Comprueba primero que el tejido sea apto.

Las fundas también pueden atrapar prendas pequeñas durante el secado, por lo que conviene revisar su interior antes y después.

No sobrecargues la secadora y utiliza el programa indicado para el material.

Una bolsa de lavado no siempre es necesaria

No necesitas meter cada funda de almohada dentro de otra bolsa.

Eso puede ser contraproducente si limita demasiado su movimiento.

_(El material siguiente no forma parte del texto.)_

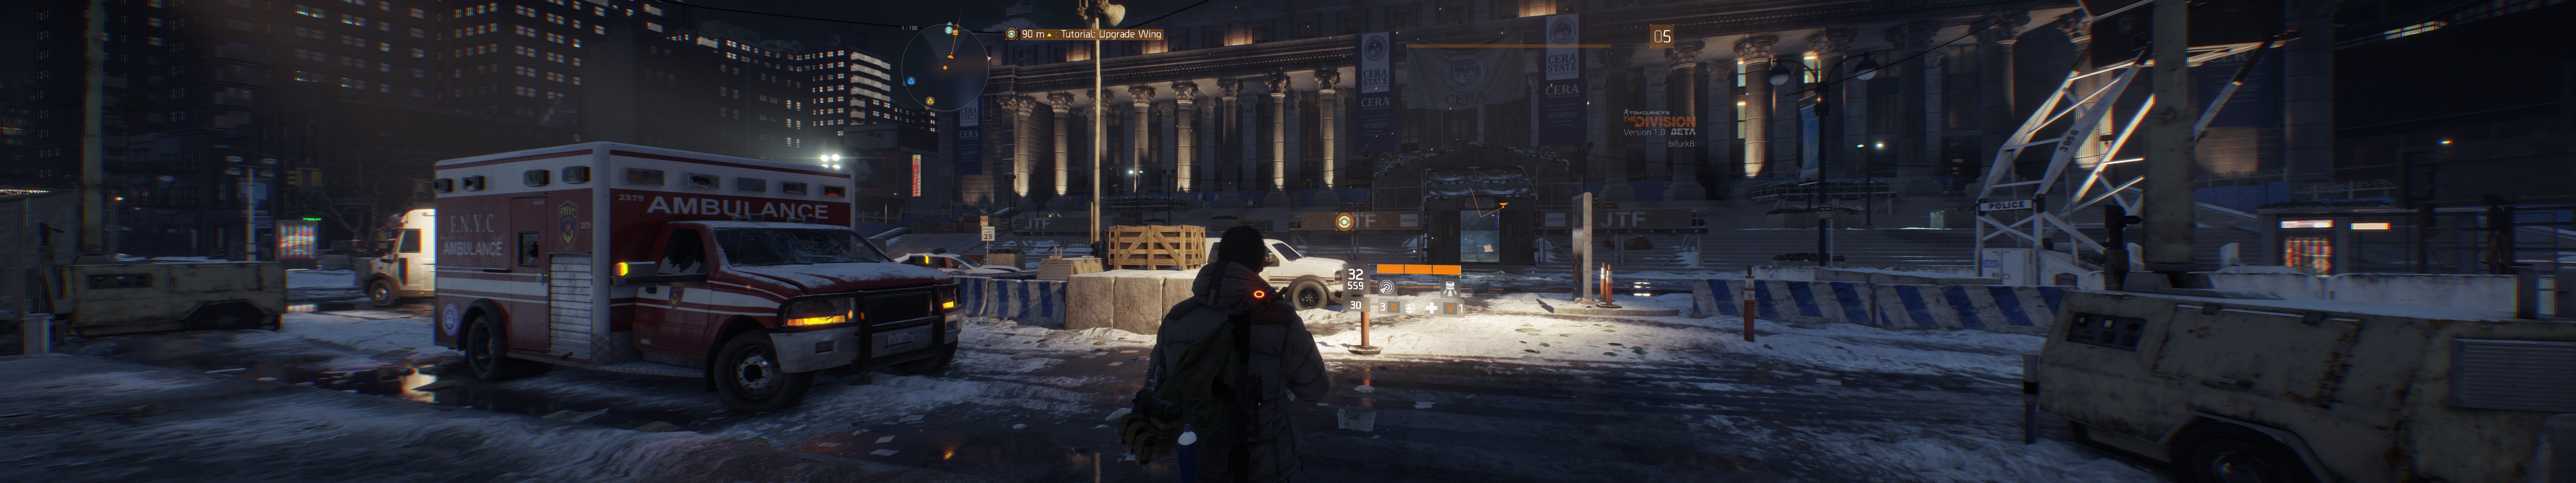 The Division Dual Monitor Wallpapers

Las bolsas de malla resultan más útiles para mantener controladas las prendas pequeñas que podrían entrar en las fundas.

Errores que conviene evitar

  • Introducir todas las fundas formando una bola.
  • Sobrecargar el tambor.
  • Mezclar multitud de calcetines sueltos con ropa de cama.
  • Cerrar fundas con imperdibles improvisados.
  • Hacer nudos en las aberturas.
  • Ignorar botones flojos o cremalleras dañadas.
  • No revisar el interior de las fundas al terminar.
  • Pasarlas directamente a la secadora con otras prendas atrapadas dentro.
  • Ignorar las instrucciones de lavado de la etiqueta.

El método resumido

Antes de poner las fundas en la lavadora:

sepáralas y extiéndelas → coloca correctamente la solapa interior si la tienen → utiliza su cierre propio cuando corresponda → mete las prendas pequeñas en una bolsa de malla si suelen quedar atrapadas → evita sobrecargar el tambor → lava con textiles compatibles.

Al terminar:

revisa el interior → vuelve a ponerlas del derecho si es necesario → sacúdelas → tiéndelas abiertas.

No existe una forma de impedir al cien por cien que una funda se invierta durante todos los movimientos del tambor. Pero reducir su abertura efectiva, controlar las prendas pequeñas y dejar suficiente espacio dentro de la lavadora puede hacer que ocurra con mucha menos frecuencia.